Papa Purusha

Significa el desequilibrio de las energías dentro de nosotros mismos, también el dolor y el sufrimiento a causa de la identificación y el apego que genera el ego. La transformación de “Papa Purusha” debe de entenderse como la transformación interior del conflicto generado por la energía positiva y negativa y convertirla en una tercera fuerza mental.

La dualidad es la base de la filosofía tántrica y debemos entenderlo como un fenómeno necesario existente en el Universo. El tantra habla de la dualidad en todos los niveles de la creación y se da mucha importancia a la necesidad de experimentar estos conflictos como medio de armonizarlos.

El principio “ida/pingala” se basa en la misma teoría. Ida representa la luna, pingala el sol, ida es la energía mental pingala la vital, ida es fría, pingala caliente... Las 2 fuerzas están constantemente superponiéndose y cualquier desequilibrio de ellas afecta directamente a la psiquis y a la mente, por lo tanto a la transformación de Papa Purusha.

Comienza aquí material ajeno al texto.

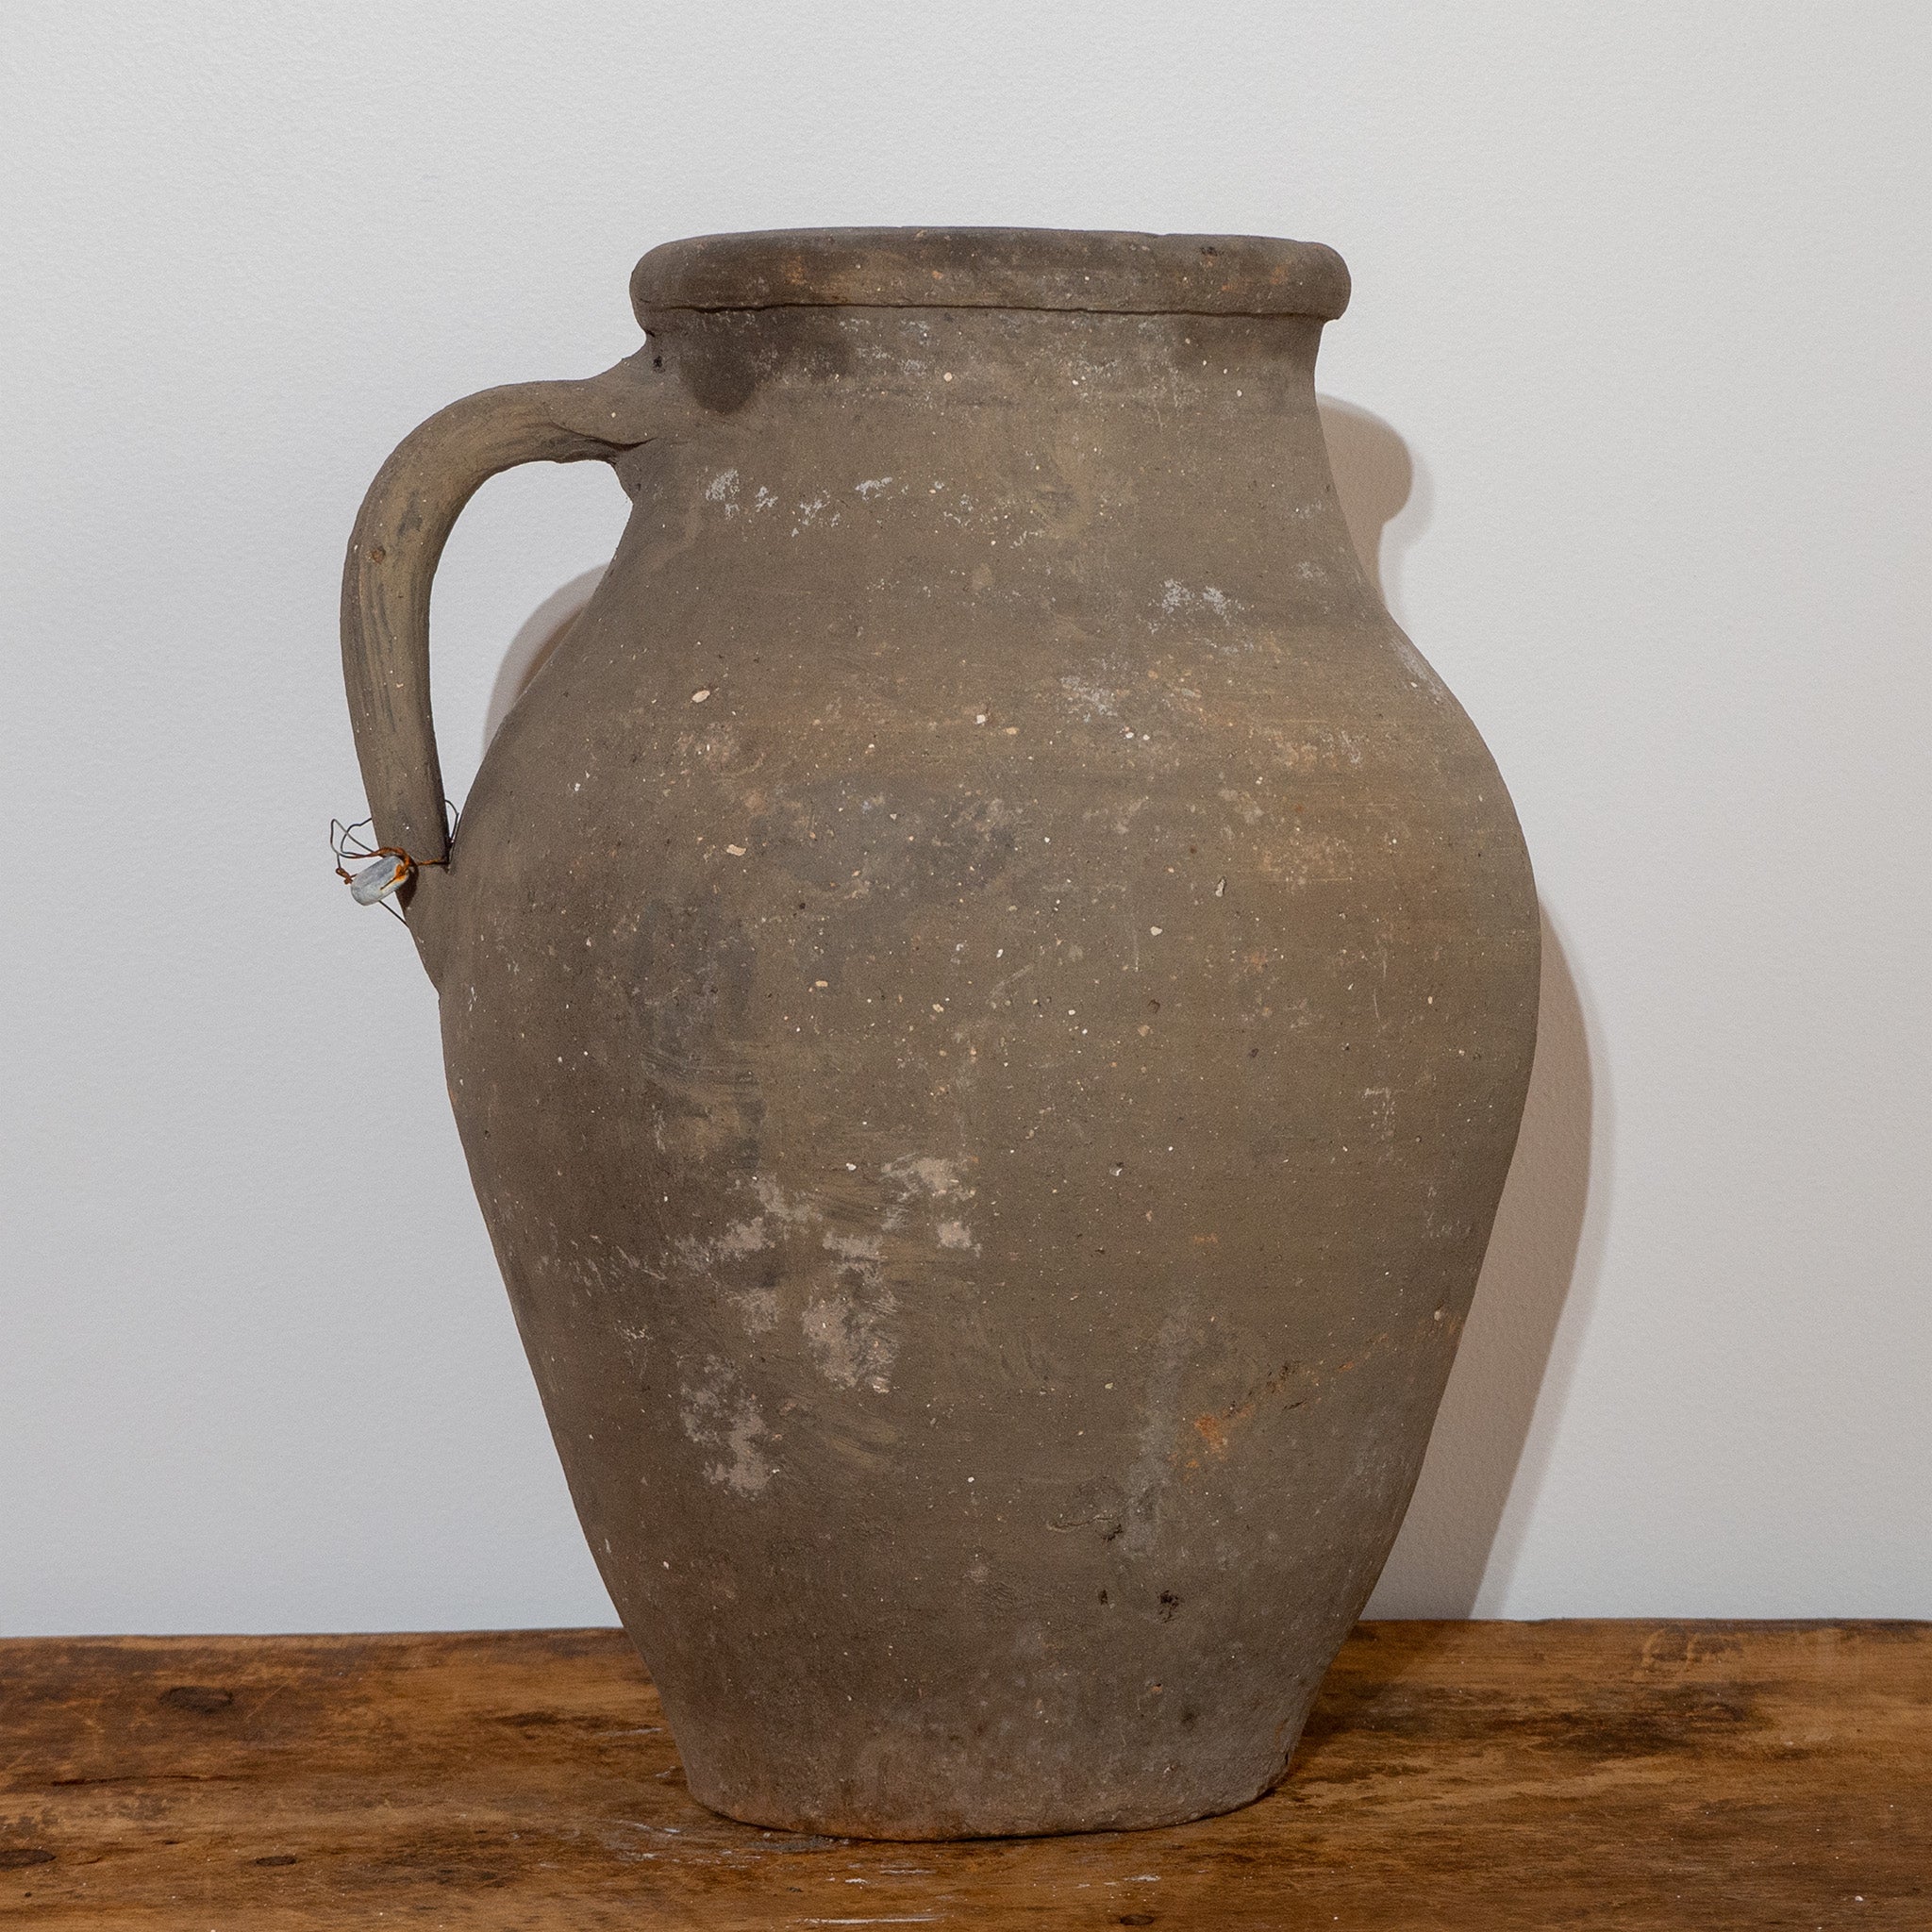 Vintage Turkish black single handled jug urn on vintage wooden bench

Debido a esta dualidad, se crean una serie de tensiones entre ambas lo cual es necesario para la evolución de la vida. Si no existiera esa tensión, no evolucionaríamos, permaneceríamos inactivos e inertes a nivel de Tamas (inercia), pero debido a ese conflicto, se crea un desajuste que debemos tratar de equilibrar, lo que nos lleva a una, cada vez mayor, evolución espiritual.

En el nivel más alto está Shiva y Sakti, son las dos caras de la misma moneda y este mismo aspecto se puede observar en toda la existencia: día y noche, sol y luna, calor y fría, amor y odio... Sin el día no conoceríamos la noche y sólo seremos capaces de conocer la noche debido a la experiencia del día que la precedió o que la siguió. Por lo tanto ese grotesco hombrecillo, es el símbolo de las energías desequilibradas en nuestro cuerpo y en nuestra mente y fuertemente arraigadas en lo más profundo de nuestra personalidad.

La imagen de Papa Purusha emerge hábilmente cuando aparece la conciencia testigo observándolo todo: pensamientos, actos, evaluándolo objetivamente y viviendo cada faceta de la personalidad, que el ego había ocultado y de las cuales más nos avergonzábamos.